3.2 No regularization to a more complex model

We apply a higher degree model to the dataset without and with regularization. We analyze the training and test errors over increasing model complexity, which is controlled by decreasing values of $\lambda$.

Preventing overflow with scaling

If we apply the polynomial feature transformation to the single input xx and the learning process directly to the new 2D array xHPF we have extremely high values for some columns of the input array. Since the parameter update equation used in the gradient descent algorithm requires the product of the model error with the input array itself, the parameter value will soon diverge to finally exceed the floating limit and thus the overflow. The final parameter array wOpt will store only NaN values.

xHPF = PolynomialFeatures(8).fit_transform(xx)
wInit = np.zeros((xHPF.shape[-1], 1))
xTrain = xHPF.copy()

Nepoch, lr, lmbd = 20000, 0.001, 0
wEvol, Jevol = gradDescRidge(xTrain, yTrain, wInit, lmbd, lr, Nepoch)
wOpt, Jopt = wEvol[-1,:], Jevol[-1]

Scaling the entire polynomial feature set

To prevent the system to overflow due to very high polynomial degree, one could drastically reduce the learning rate, with the drawback of massively increasing the number of epochs to converge to the optimal solution. One much better idea is to normalize the input features. To this end, we use the class provided in Scikit-learn, the standard scaler.

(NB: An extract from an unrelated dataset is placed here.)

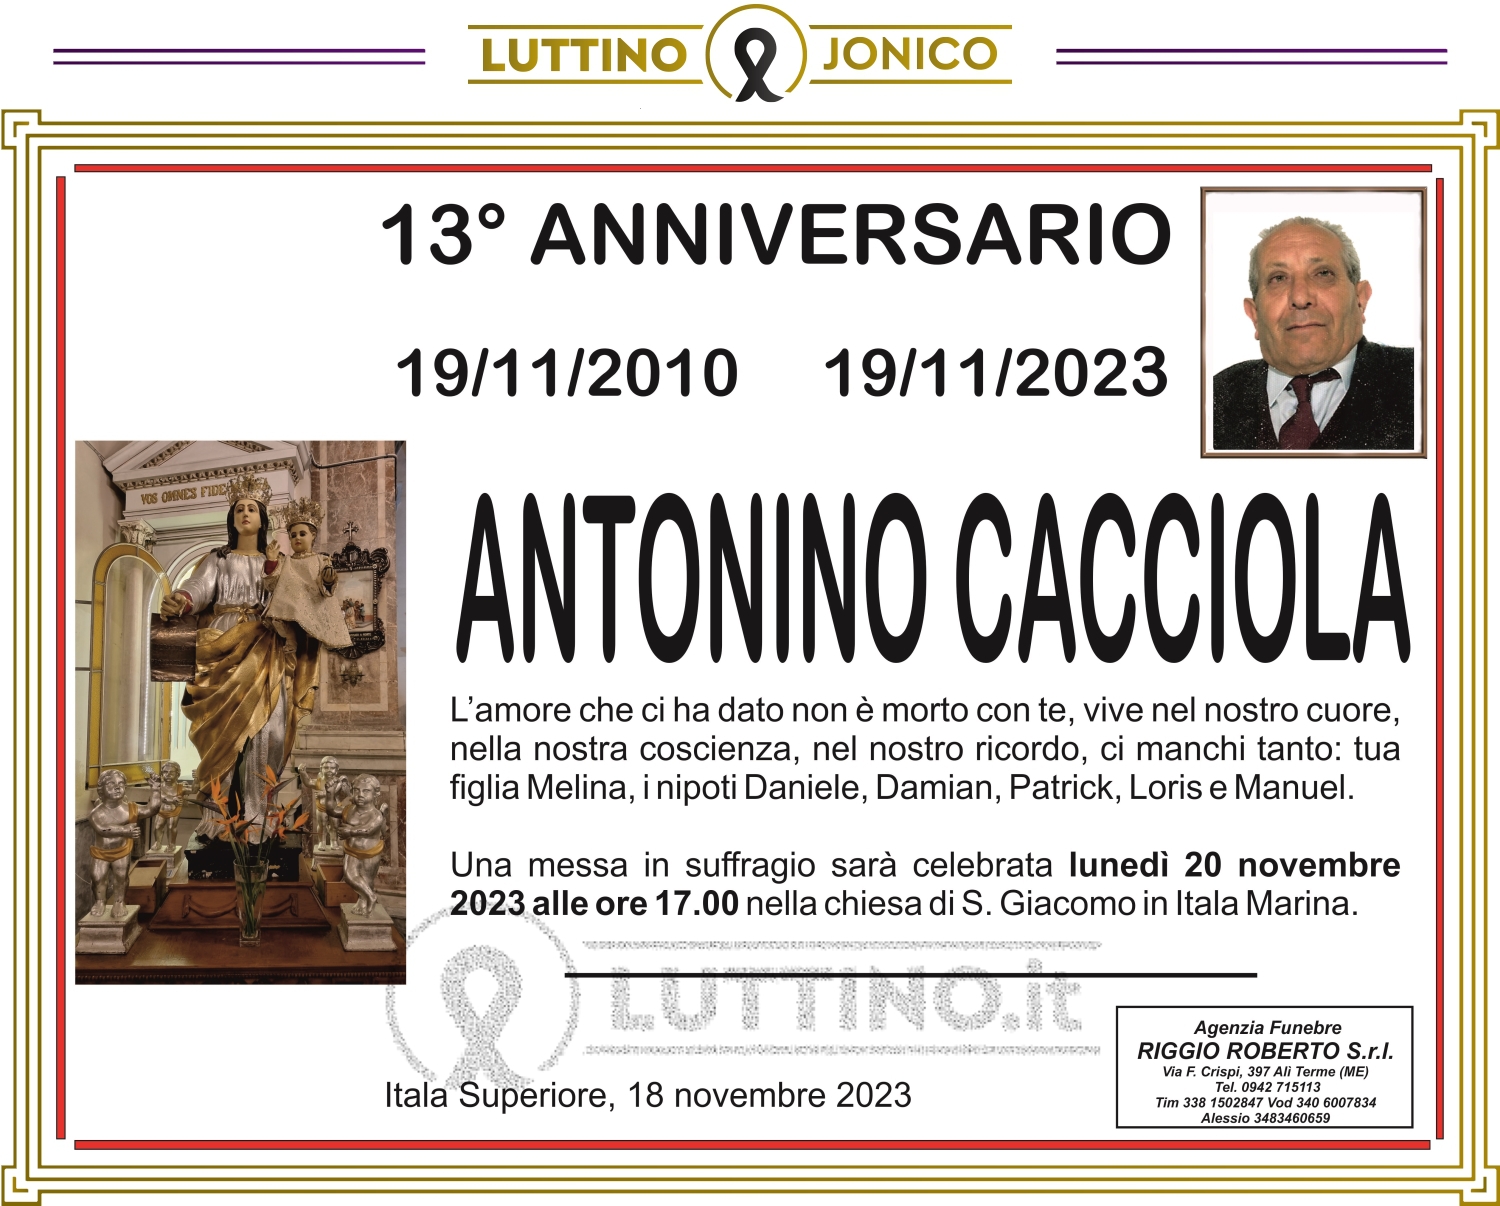 Antonino Cacciola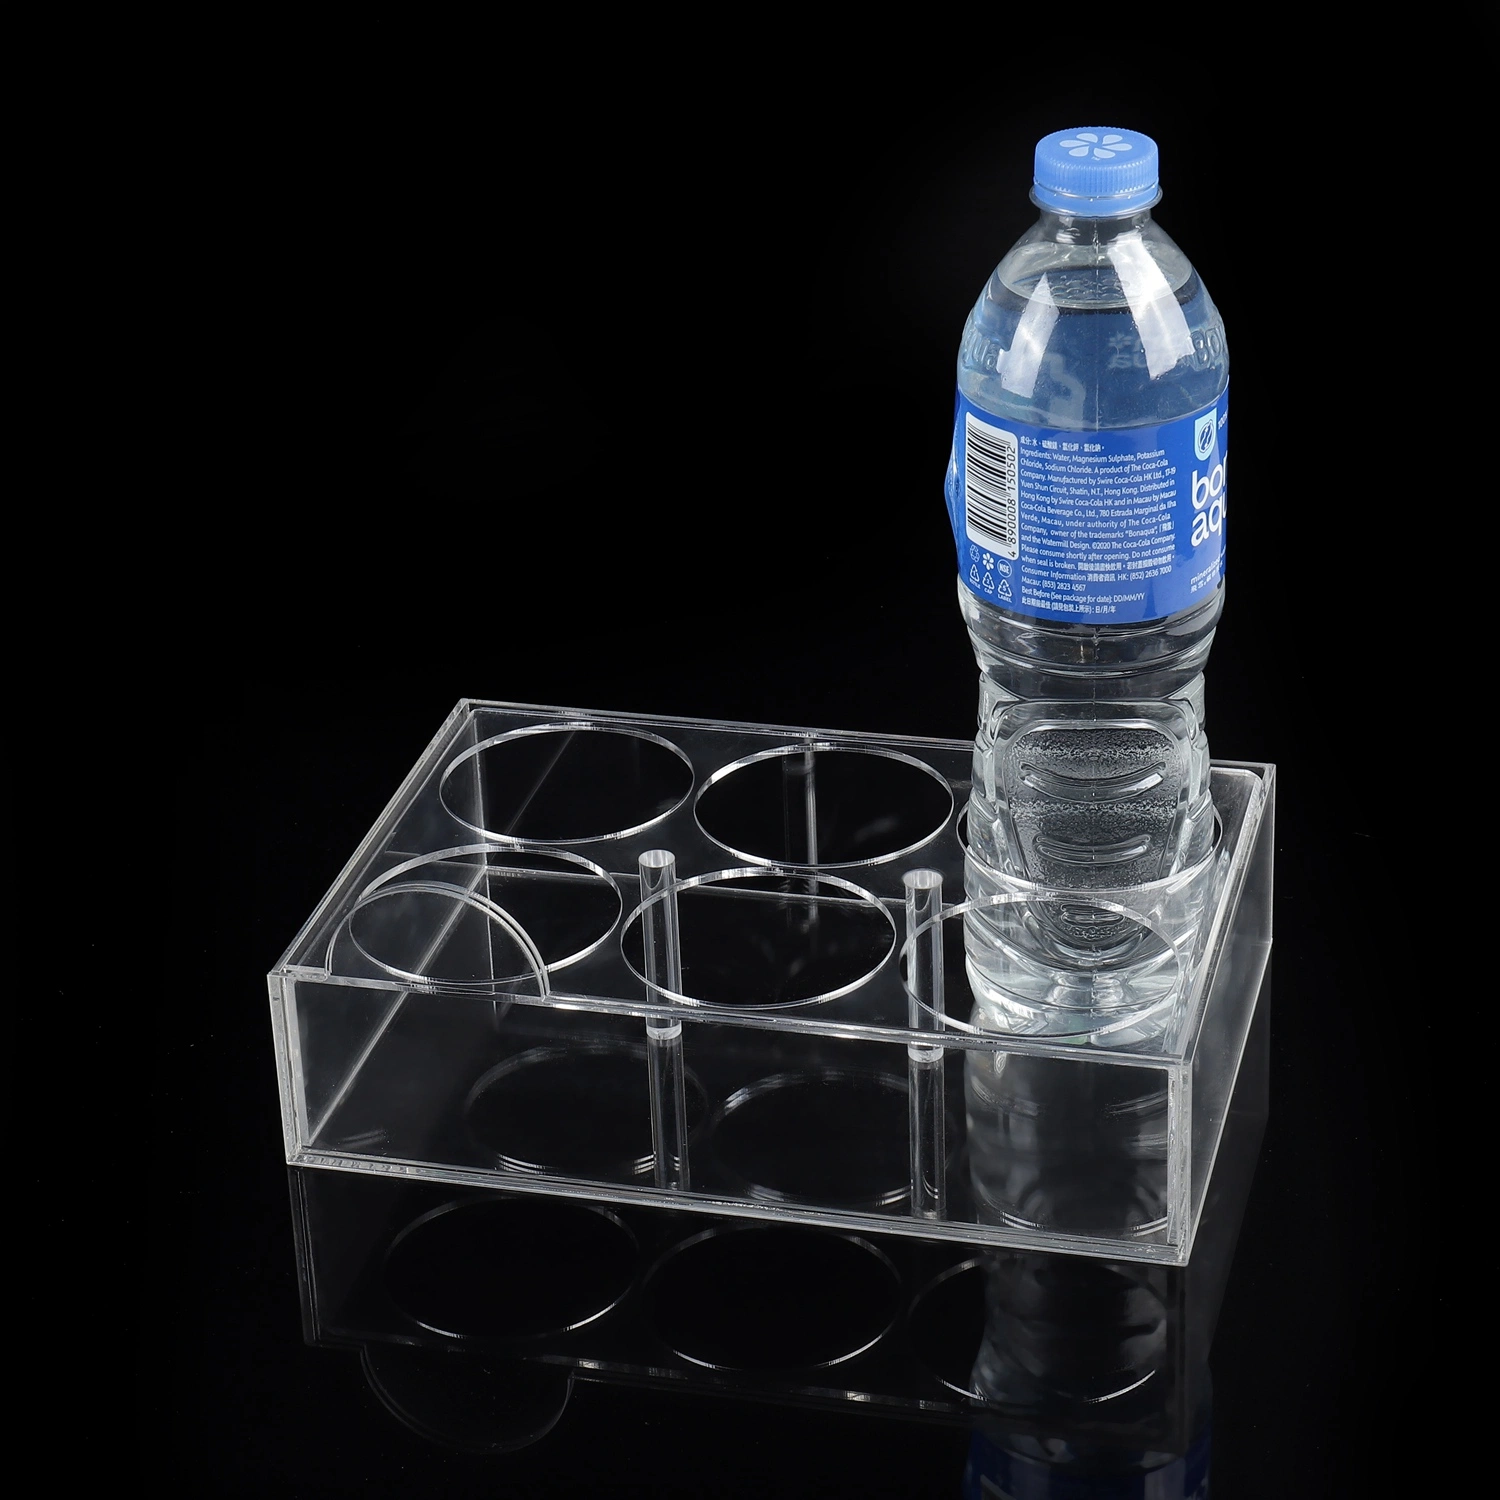 صندوق شاشة عرض بلاستيك متعدد الوظائف سعة 6 آبار حامل أكريليك بالنسبة إلى زجاجات المشروبات

If we apply the scaling operation to the entire polynomial function, ranging from 0 to the maximum degree, the model will learn the function shape only, but there will be a shift due to the missing bias information. We set the polynomial degree to 8, scale the entire input feature set (bias included), use the Ridge gradient descent algorithm to identify the optimal parameters, wOpt, display the trend of the 9 model parameters and the loss function and show the comparison of the model response (red line) to the actual data response (green dots).

There is a clear gap between the model curve and the data points, due to the scaling of the bias term, which collapses to 0 and does not allow the corresponding parameter to affect the model response in any way. The loss is indeed very high.

xHPF = PolynomialFeatures(8).fit_transform(xx)
wInit = np.zeros((xHPF.shape[-1], 1))
xTrain = xHPF.copy()
scaler = StandardScaler()
xTrain = scaler.fit_transform(xTrain)

Nepoch, lr, lmbd = 20000, 0.001, 0
wEvol, Jevol = gradDescRidge(xTrain, yTrain, wInit, lmbd, lr, Nepoch)
wOpt, Jopt = wEvol[-1,:], Jevol[-1]

epochs = np.log10(np.arange(0, Nepoch, 10)+1)
plt.figure()
plt.subplot(121)
plt.plot(epochs, wEvol[::10]);
plt.subplot(122)
plt.plot(epochs, np.log(Jevol[::10]));

ypred = np.dot(xTrain, wOpt)
plt.figure()
plt.scatter(xx, yy, c='g', alpha=0.6)
plt.plot(xx, ypred, 'r', alpha=0.4)
[ 0.          9.24279639 -6.48522172 -3.53771229 -2.22419323 -5.90080951
 -0.65511474 -6.14563291 -0.18569706]





[<matplotlib.lines.Line2D at 0x1c41cc36d68>]

png

png

Scaling the input features only

We scale the input features with the Scikit-learn class StandardScaler. The bias term, $x^0$, is transformed to 0 by the fit_transform() method within scaler. After the scaling step, we therefore need to reset the first column to 1.

xHPF = PolynomialFeatures(8).fit_transform(xx)
wInit = np.zeros((xHPF.shape[-1], 1))
xTrain = xHPF.copy()
scaler = StandardScaler()
xTrain = scaler.fit_transform(xTrain)
xTrain[:, 0] = 1

We apply the gradient descent algorithm for Nepoch=20000 steps, with a quite small learning rate lr and inactive regularization (lmbd=0).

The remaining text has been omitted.